Белый Юг похвалялся, что знает, чем дышат "черномазые", а я был именно
"черномазый", и меня он совершенно не знал, не представлял себе, что я
думаю, что чувствую. Белый Юг определил мне мое "место" в жизни - я
никогда не знал своего "места", вернее, чутьем отвергал то "место",
которое отвел мне Юг. Я никогда не мог смириться с тем, что я в чем-то
хуже других. А то, что говорили белые южане, не могло поколебать моего
убеждения, что я - человек. Правда, я лгал. Я воровал. Я пытался сдержать
бурлящий гнев. Я дрался. Вероятно, по чистой случайности меня не убили...
Но как еще мог я на Юге выразить себя, свое естество, свое я? Мне
оставалось лишь отрицание, бунт, агрессия.
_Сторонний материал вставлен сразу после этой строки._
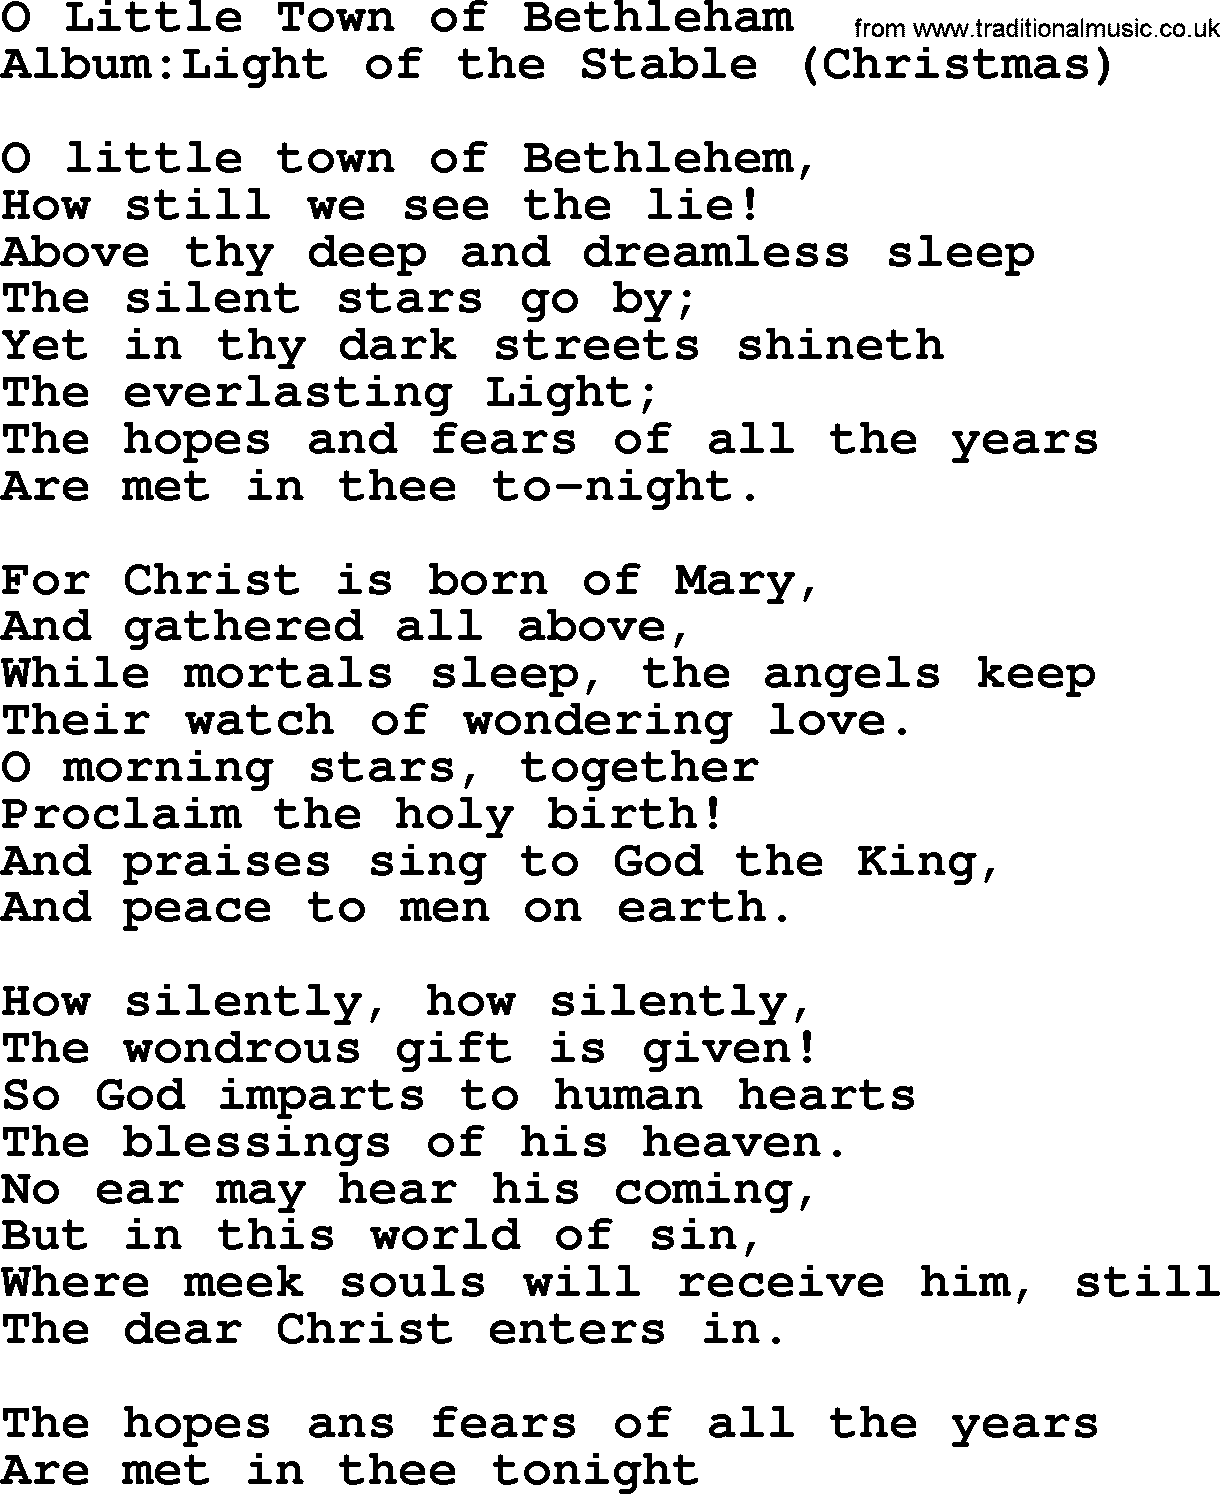 Emmylou Harris song: O Little Town of Bethleham lyrics

Не только белые южане не знали, что я собой представляю, - я сам, живя
на Юге, не имел возможности понять себя.
Гнет, под которым я жил на Юге, не позволял мне быть тем, чем я мог бы
стать. Я был таким, как требовало окружение, семья, а эти требования
диктовались белыми, стоявшими над нами; следовательно, белые распоряжались
моей личностью. Не имея права быть самим собой, я постепенно узнал, что Юг
может признать лишь какую-то часть человека, увидеть лишь осколок его
личности, а главное - сокровенные глубины души и сердца - он отбрасывает в
слепом неведении и ненависти.
Я покидал Юг, готовый кинуться в неведомое, встретить другую жизнь,
которая, возможно, вызовет во мне иной отклик. И если мне случится узнать
получше ту, другую жизнь, тогда, быть может, постепенно, не сразу, я
пойму, что я такое и чем я могу стать. Я покидал Юг не затем, чтобы его
забыть, но чтобы в один прекрасный день понять его, постичь, что же он
сделал со мной, со всеми своими детьми. Я уезжал в надежде, что
оцепенение, в котором я вынужден был жить, чтобы не погибнуть, пройдет, и
я смогу почувствовать боль - через много лет и много миль, - боль,
причиненную мне жизнью на Юге.
Но в глубине души я знал, что никогда по-настоящему не смогу расстаться
с Югом, ибо он сформировал мою душу, его дух пропитал мое сознание, всего
меня, хоть я и был черный. И теперь, уезжая, я увозил с собой частичку
Юга, чтобы пересадить ее на чужеродную почву - сможет ли она там вырасти
под холодными дождями и северным ветром, сможет ли отозваться на теплоту
солнца и, кто знает, зацвести?.. И если чудо свершится, я буду знать, что
там, на Юге, в мире насилия и отчаяния, еще теплится надежда, что даже в
темноте южной ночи может забрезжить свет. Я буду знать, что Юг тоже
способен преодолеть страх, ненависть и трусость, проклятие вины и крови,
бремя тоски и вынужденной жестокости.
Весь израненный, уезжал я на Север, пристально вглядываясь в
окружающее, исполненный неясных надежд на то, что можно жить достойно, не
угнетая других, можно без стыда и страха идти навстречу людям, что, уж
коль скоро тебе посчастливилось жить на земле, можно обрести искупление за
те тяготы и страдания, что выпали на твою долю.